I used the exact same product listed in the amazon link above, back in June. First, did a 100% water change and removed as much cyanobacteria as I could. Scrubbed the Anubias leaves. Removed the hornwort and guppy grass that was coated in it (put fresh clippings in from another tank so the plant load remained mostly the same). Replaced the floating plants, as well. 
Cyanobacteria melted away and hasn't come back.
I did the regular dose and the snails were ok.
I don't use carbon in filtration.


----------



## Bucha (May 22, 2016)

Do not give up! Planted aquarium is hard and it can not be fully controlled, it always need persistence and a bit of luck. It is very strange that your tap water has 5ppm of phosphate, usually it has zero. In my experience nitrates come from fish feeding, phosphates need to be added weekly, sometimes twice a week to keep their level at 1.5-2ppm. I always feed with frozen blood-worms (you can find tiny ones for small fish), I found that most flake foods produce too much of unwanted dirt in the tank and ruin the balance. Your tank is only 7.5 gallons. You can buy distilled water for the water changes. My tap water is very hard in Winter, ant too soft in Summer. So I buy for the winter:
https://www.amazon.com/gp/product/B00DSP57BQ/ref=ppx_yo_dt_b_search_asin_title?ie=UTF8&psc=1
The replacement resin:
https://www.amazon.com/gp/product/B076ZWCVN8/ref=ppx_yo_dt_b_search_asin_title?ie=UTF8&psc=1

Of course you need to re-constitute the distilled water to add nutrients. I use the following (works for me). All needed chemical are inexpensive on Amazon, some are cheap at grocery/pharmacy (see below)
THE AMOUNTS CALCULATED TO ADD 1 PPM to 41 GALLONS TANK (155 LITERS) , you can easily re-calculate them to any volume.
Nitrates, Desired: 10ppm. 253 mg KNO3
Phosphates, Desired 2ppm: 217.5 mg KH2PO4
Potassium, Desired 14ppm: 397 mg KHCO3
Sodium, Desired 21ppm: 566 mg NaHCO3 (baking soda) or 394 mg NaCl (table salt)
Calcium, Desired 15ppm, 569 mg CaCl2*2H2O
Magnesium, Desired 5ppm, 1.57 g MgSO4*7H2O (Epson salt, any pharmacy) or 1.30 g MgCl2*6H2O

I hope I presented the amounts in understandable form. Do not mix Ca and Mg with the rest, they will precipitate, add each Ca and Ms separately. Add Iron and micros in several hours, after all the rest is mixed.
If you do not have sensitive scales (measure mg) you can make concentrated solutions (measuring in grams) and dilute them/add small amounts.
I am very sorry for making it difficult, but it is better than to give up! Plants do not just need Potassium and Magnesium, they meed the right ratio of K/Na and Ca/Mg. My tap water at dKH 5 has essentially zero Mg, all or it was Ca.

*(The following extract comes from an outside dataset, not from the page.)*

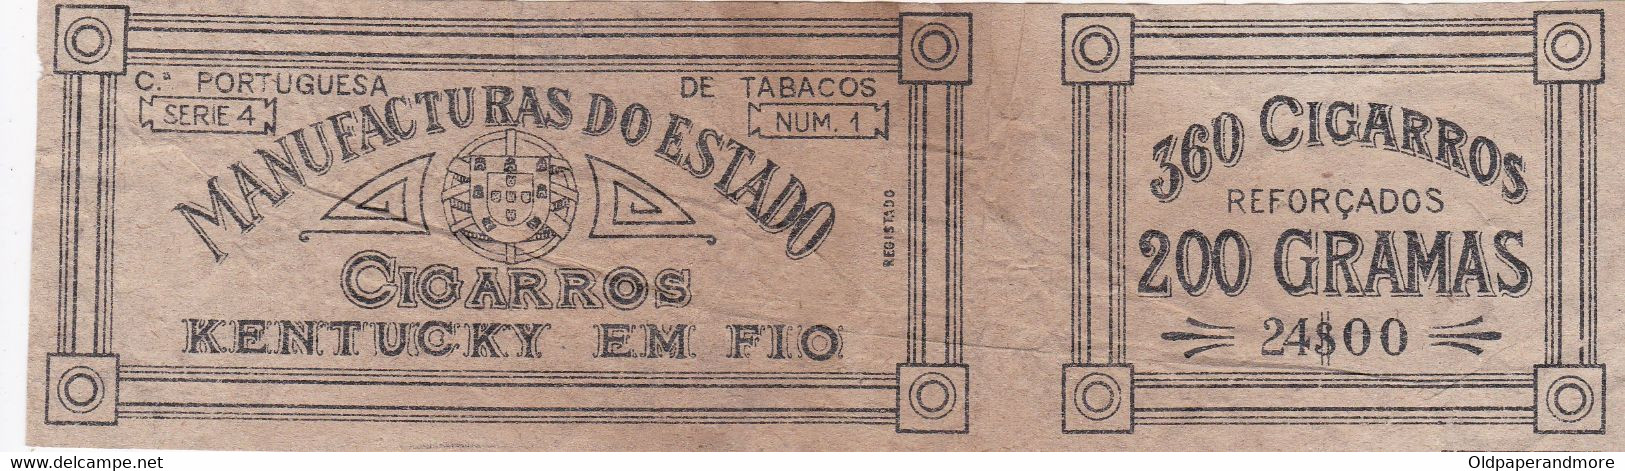 My Box 2 - PORTUGAL - LABEL - CIGARROS KENTUCKY - OLD CIGAR LABEL - TOBACCO LABEL - Etichette
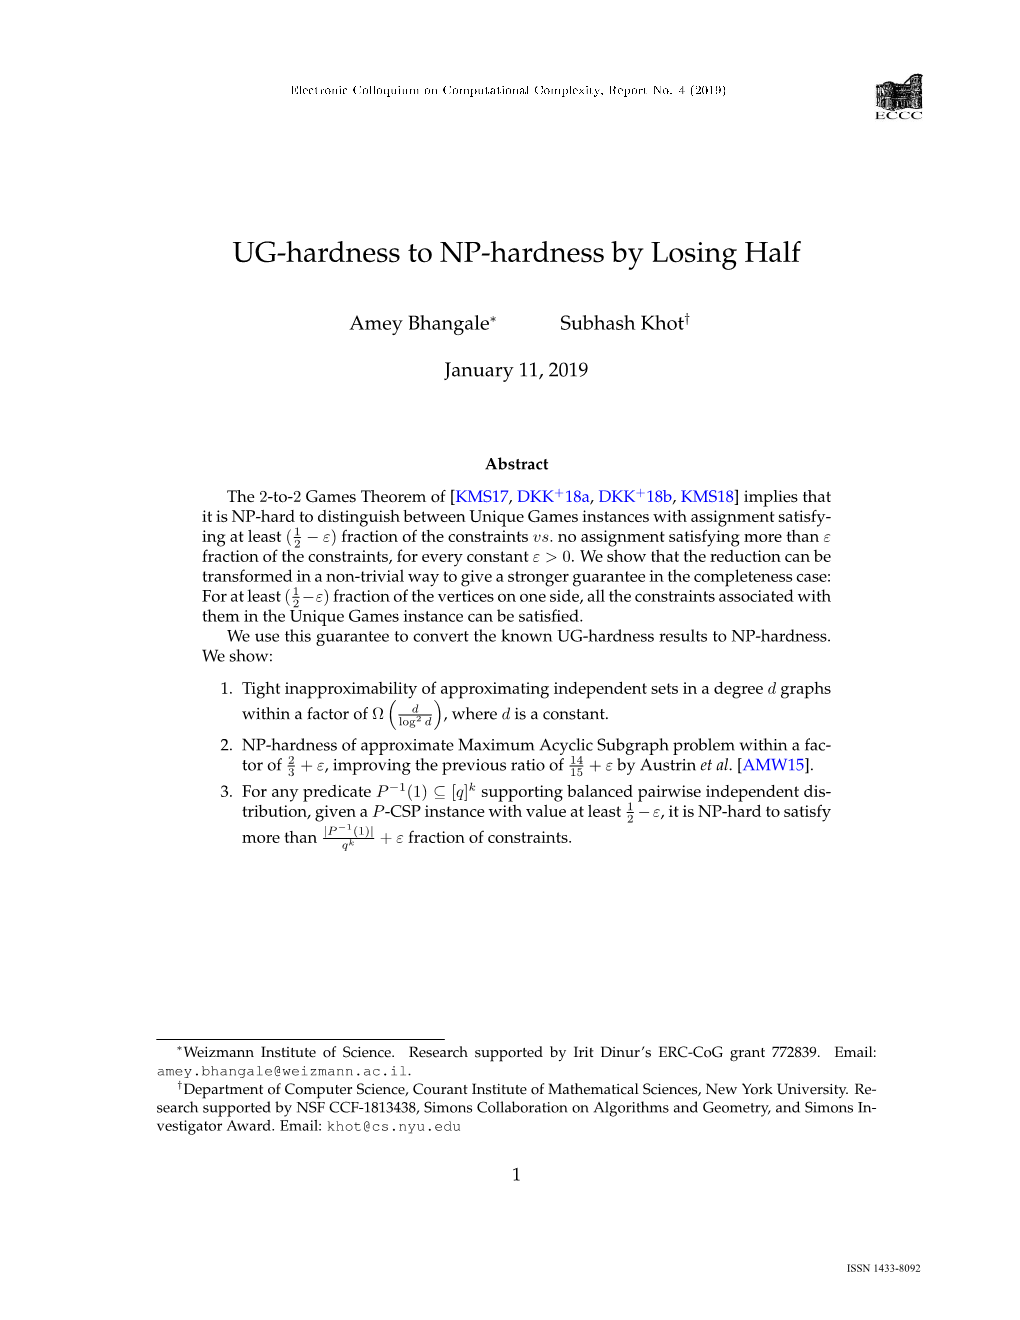 UG-Hardness to NP-Hardness by Losing Half

Some other useful calculations for carbonate hardness:
To add 0.5dKH to 41 gallons (155 liters) use: 2.77g KHCO3 or 2.32g NaHCO3


----------



## Bucha (May 22, 2016)

Easy option: may be try to introduce a very fast growing plants such as water wisteria. It will wipe off all your nutrients and may out-compere the BGA. It is an easy option and does not require measuring advanced chemicals. Then you can add nitrates and not phosphates.

If you add carbonates NaHCO3 or KHCO3 your pH will go higher. Do it slowly.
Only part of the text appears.